The Greenhouse Gas Protocol provides the leading standards on how to quantify and manage emissions & categorises emissions as follows:

Scope 1 – All direct greenhouse gas emissions. This includes emissions from sources that are owned or controlled by the business such as company vehicles and company facilities.

In line with this commitment, we offset our CO2 emissions for the last 3 quarters of 2023. We have done 46K kilometres with our two vehicles which translates to 8.8 metric tones. Along with Travel Sustainable International, we work together to minimise as much as possible our footprint and we are setting goals for further actions.

Scope 2 – All indirect greenhouse gas emissions arising from electricity, heat or steam consumption.

Scope 3 – Value chain emissions related to the business’s suppliers, customers and employees. This includes emissions from purchased goods and services, transportation, the use and disposal of your sold products, business travel and employee commuting.

What does it mean to achieve net zero emissions before 2050?

To reach a state of net zero emissions, we must reduce our emissions by at least 90% and counterbalance the remaining residual emissions with durable or permanent carbon removals. The term “residual” refers to emissions that cannot technically be eliminated.
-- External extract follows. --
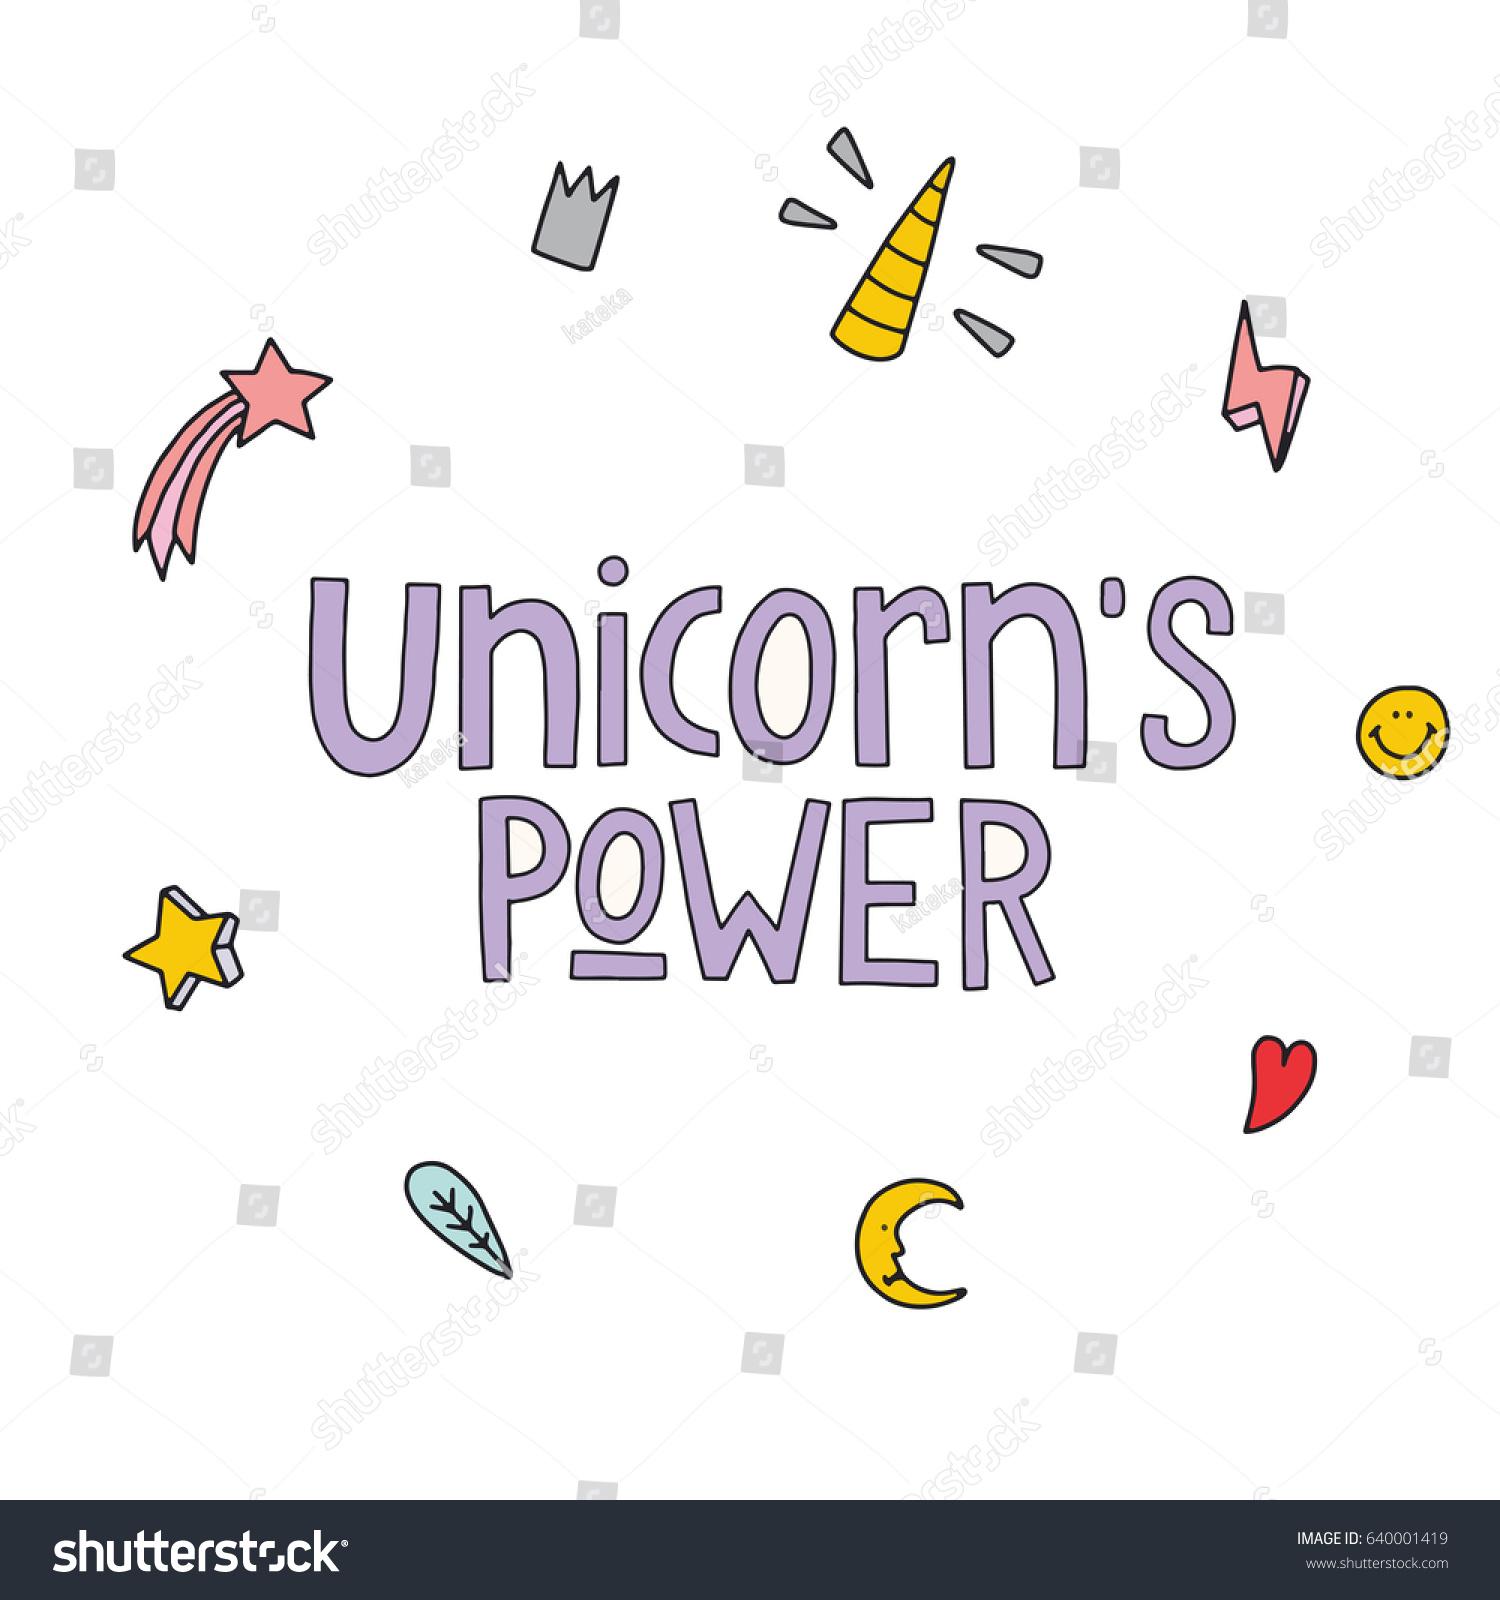 Unicorns power hand drawn quote vector stock vector 640001419 unicorns power the hand drawn quote vector illustration of magic and unicorns symbols biocorpaavc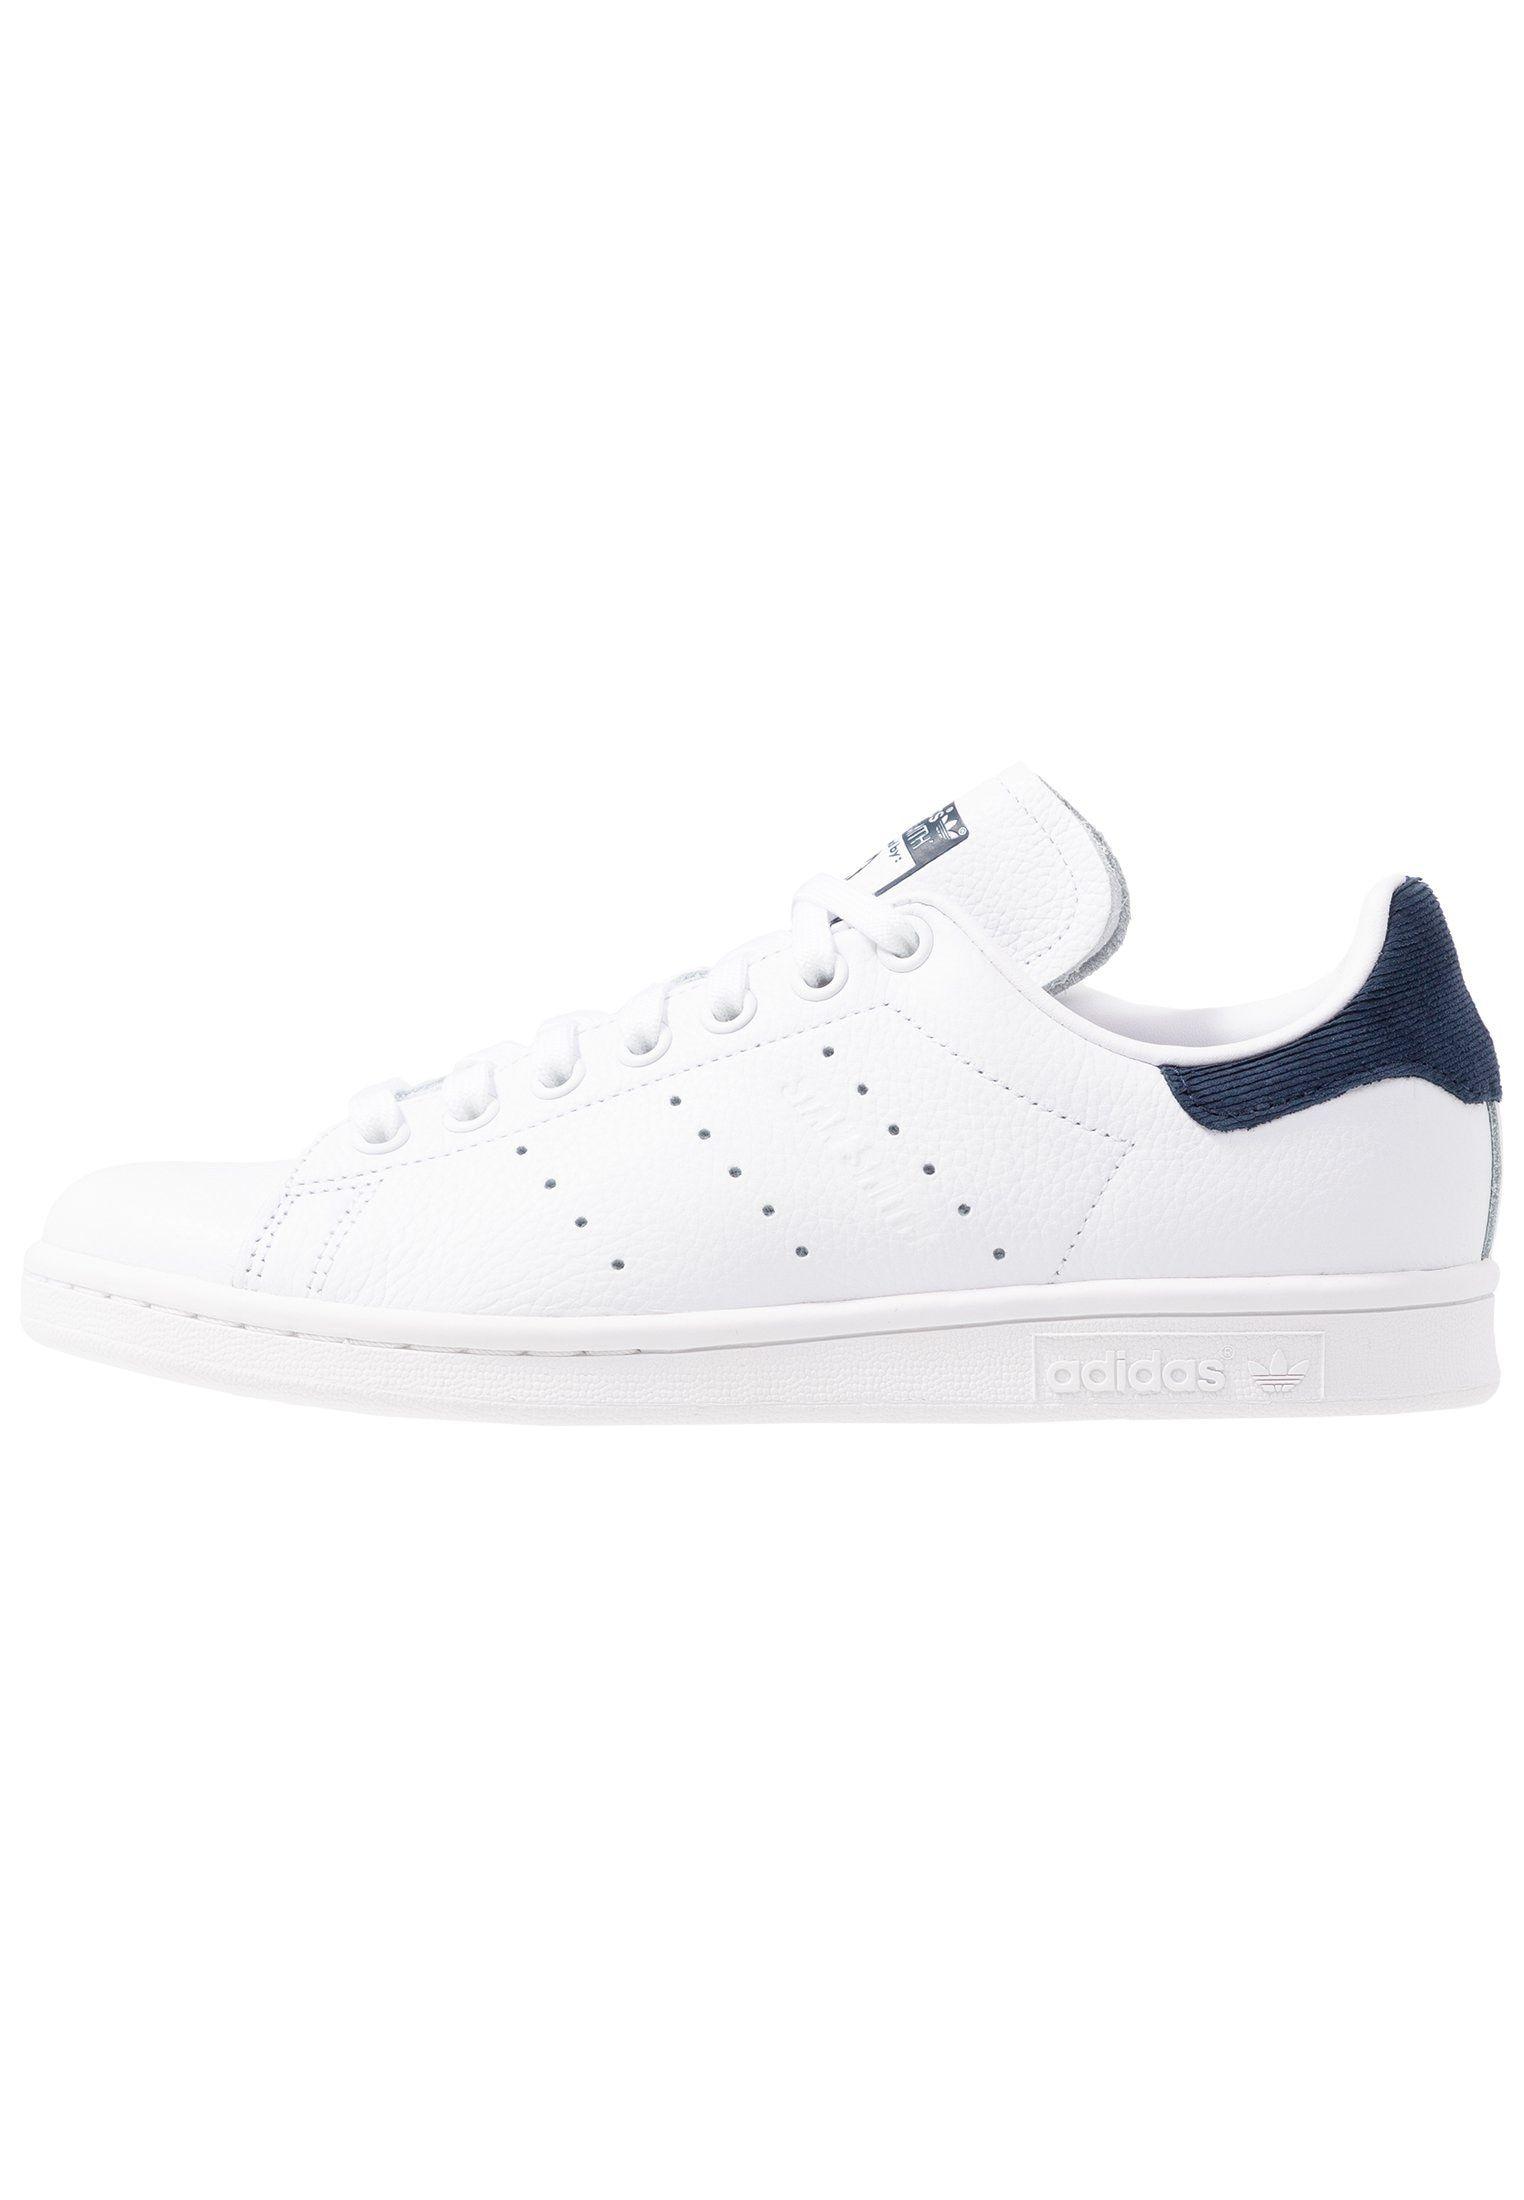 STAN SMITH Baskets basses footwear whitecollegiate navy

Such residual emissions shall not exceed 10% of baseline emissions.

What does it mean to disclose progress on a yearly basis?

In addition to making a commitment and taking action to halve emissions before 2030 and achieve net zero emissions before 2050, we should also transparently communicate our progress on an annual basis.

SME Climate Hub Committed Businesses are also encouraged to publicly report their progress annually by including this data into their annual reports and their sustainability reports.

Do you recommend investments in carbon credits, “compensation” or “offsetting”?

If we do not protect and restore nature for it to become a carbon sink, we are unlikely to keep global warming at even 2 degrees Celsius. Therefore, corporate leaders have an additional imperative to contribute to nature-positive goals. This can be accomplished today by purchasing high quality carbon credits on the voluntary carbon markets to support nature-based solutions and by investing in carbon removals.

Carbon credits can be used to “counterbalance” emissions which cannot currently be removed. However, these credits should not be considered as “offsets” or “compensation”. Purchasing carbon credits should only be used as a complement to halving emissions before 2030 towards net zero, and should never be substituted for reducing emissions or developing and scaling climate solutions to reduce global warming.

To ensure impact, it is important to select projects carefully. By purchasing carbon credits, we always select using certified, relatively new carbon credits, which are coming from projects aligned with the Sustainable Development Goals.

At net zero, any residual emissions that cannot technically be removed, should be counterbalanced by durable carbon removals. Until this state is reached, we cannot claim to be net zero.